Of the most serious things that could happen to you or someone you love, there is illness. You probably know what I'm talking about - things like cancer, heart problems, diabetes. But unfortunately, these illnesses do happen to good kids every day. When I was 14, I met a boy right before I started high school. We were both on vacation and he literally popped out of the water in front of me and said hello. He seemed nice, cute, and a bit thin. What I remember most about meeting him what that he told me, right away, that he had leukemia. Now, being that I had never had a boyfriend, I had no clue about how to get one or, once I got one, what to do. And then I got one times 10.
Tom (name changed) was 17 and had just finished his first round of chemo at Children's Hospital of Orange County (CHOC). He was on vacation because he'd just been released from the hospital. However, he had another round of chemo waiting for him when he returned home.
I was curious about Tom and why he chose to befriend me.
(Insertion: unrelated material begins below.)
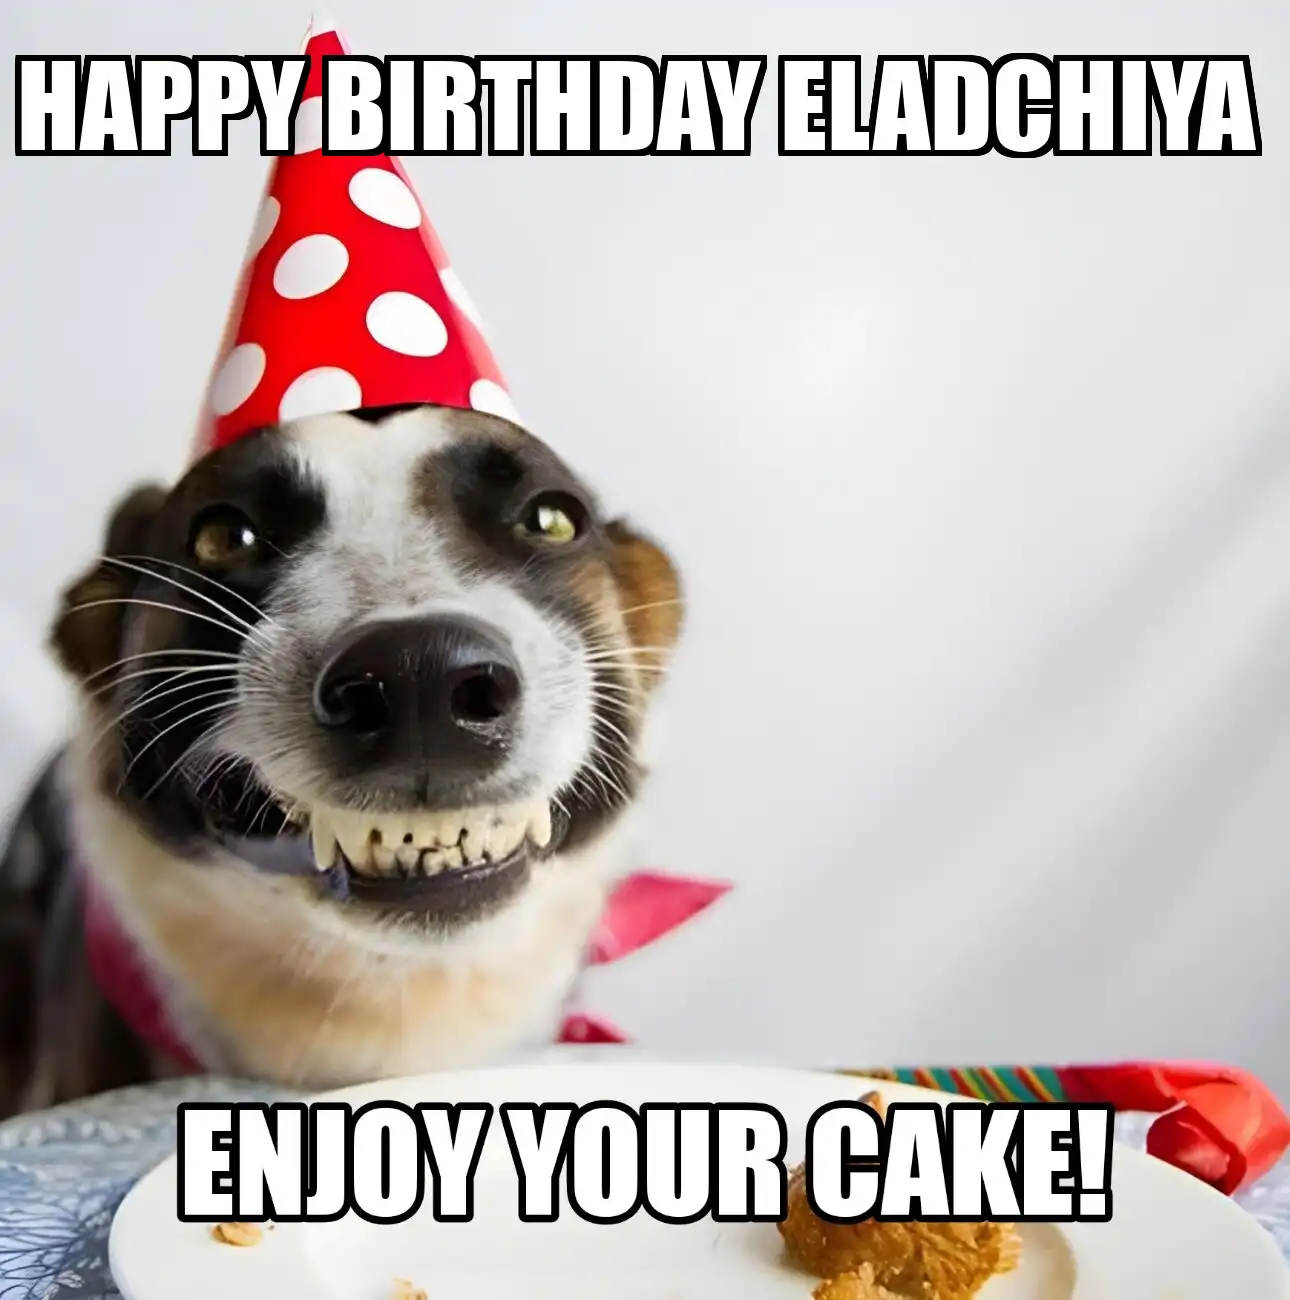 Happy Birthday Eladchiya Enjoy Your Cake Dog Meme
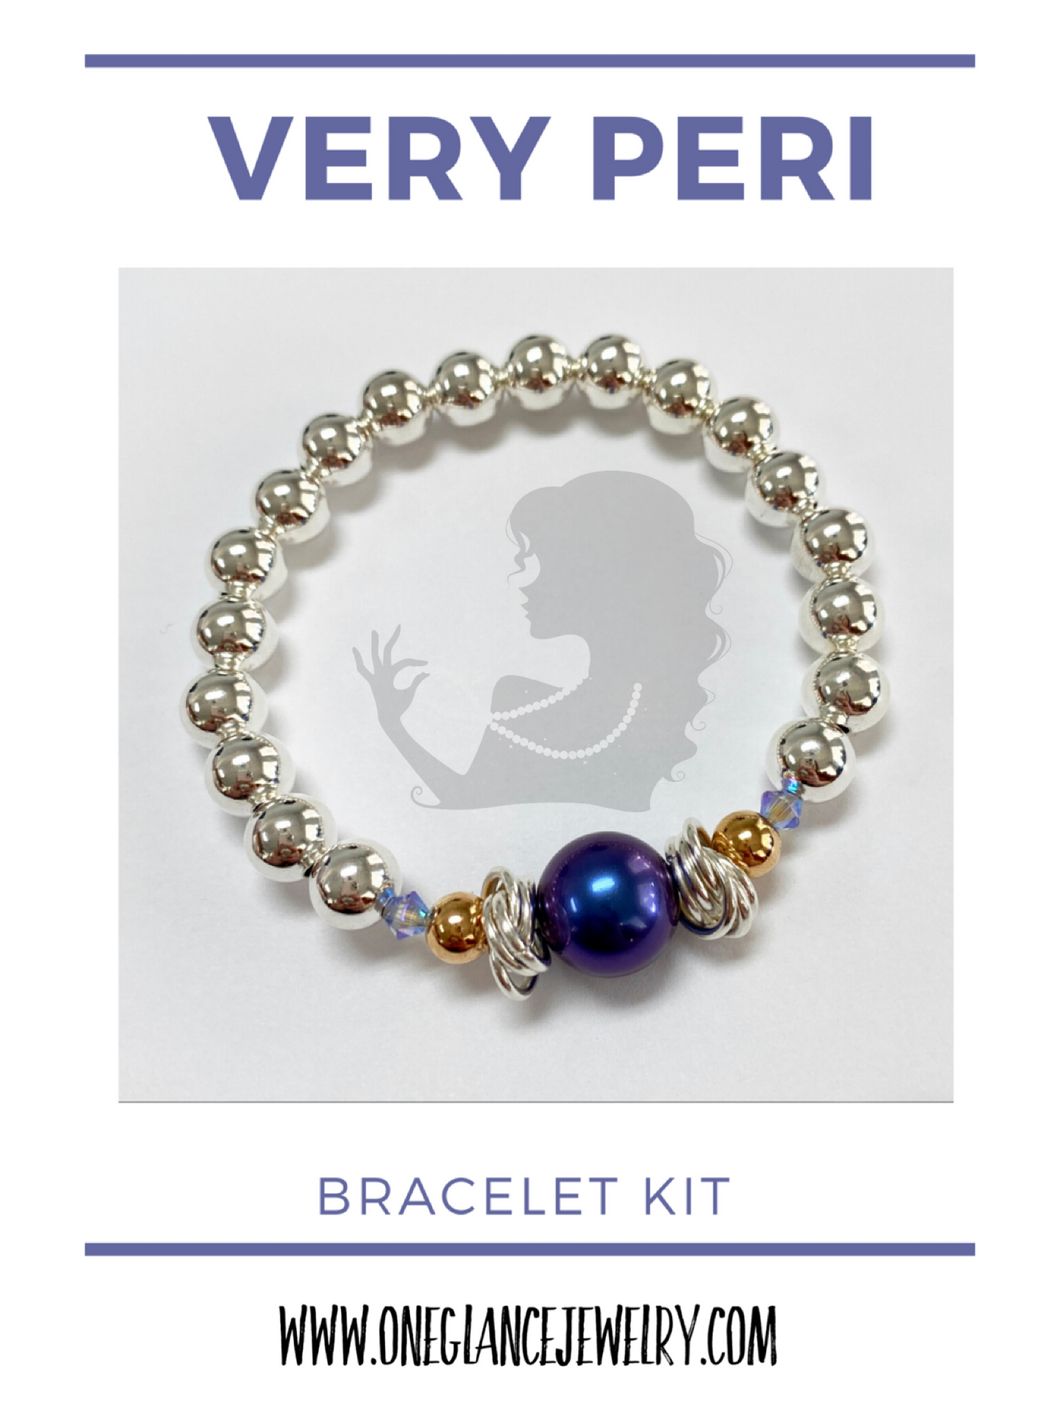 Very Peri Bracelet Kit

Perhaps he was lonely and longing for the life he had before cancer, which seemed to be wild. Tom was not innocent, nor was he shy in telling me about where he'd been and what he'd done.
Once we both got home from vacation, I saw him a few times and talked to him in the hospital during his chemo. Tom was very sick from the treatment but still kept his spirits up and seemed happy to have me to talk to. And then I got scared... scared of his intentions, scared of his extreme personality, and scared of where the path would lead if I kept seeing him. I decided to stop communicating with him after a few months when it got to be too much - with him in the hospital throwing up, me being so darn naive and the fact that I was trying to figure out high school and life in general.
Today, I feel sad when I think about Tom. He needed me as a friend during a dark and lonely time in his life. Because I thought about "what if" now and again through the years, I decided to write A Place In This Life, a novel that explores what might have been, and could have been. The story came after I had my own scare with possible thyroid cancer; I was compelled to share the complex emotions, fears, and love that can come forward in such a relationship when you're young and confused.
If you're a young person who knows and loves someone with cancer, you are a brave and giving soul. Take it one day at a time, share your feelings with others, and know that you are helping someone who really, really needs you.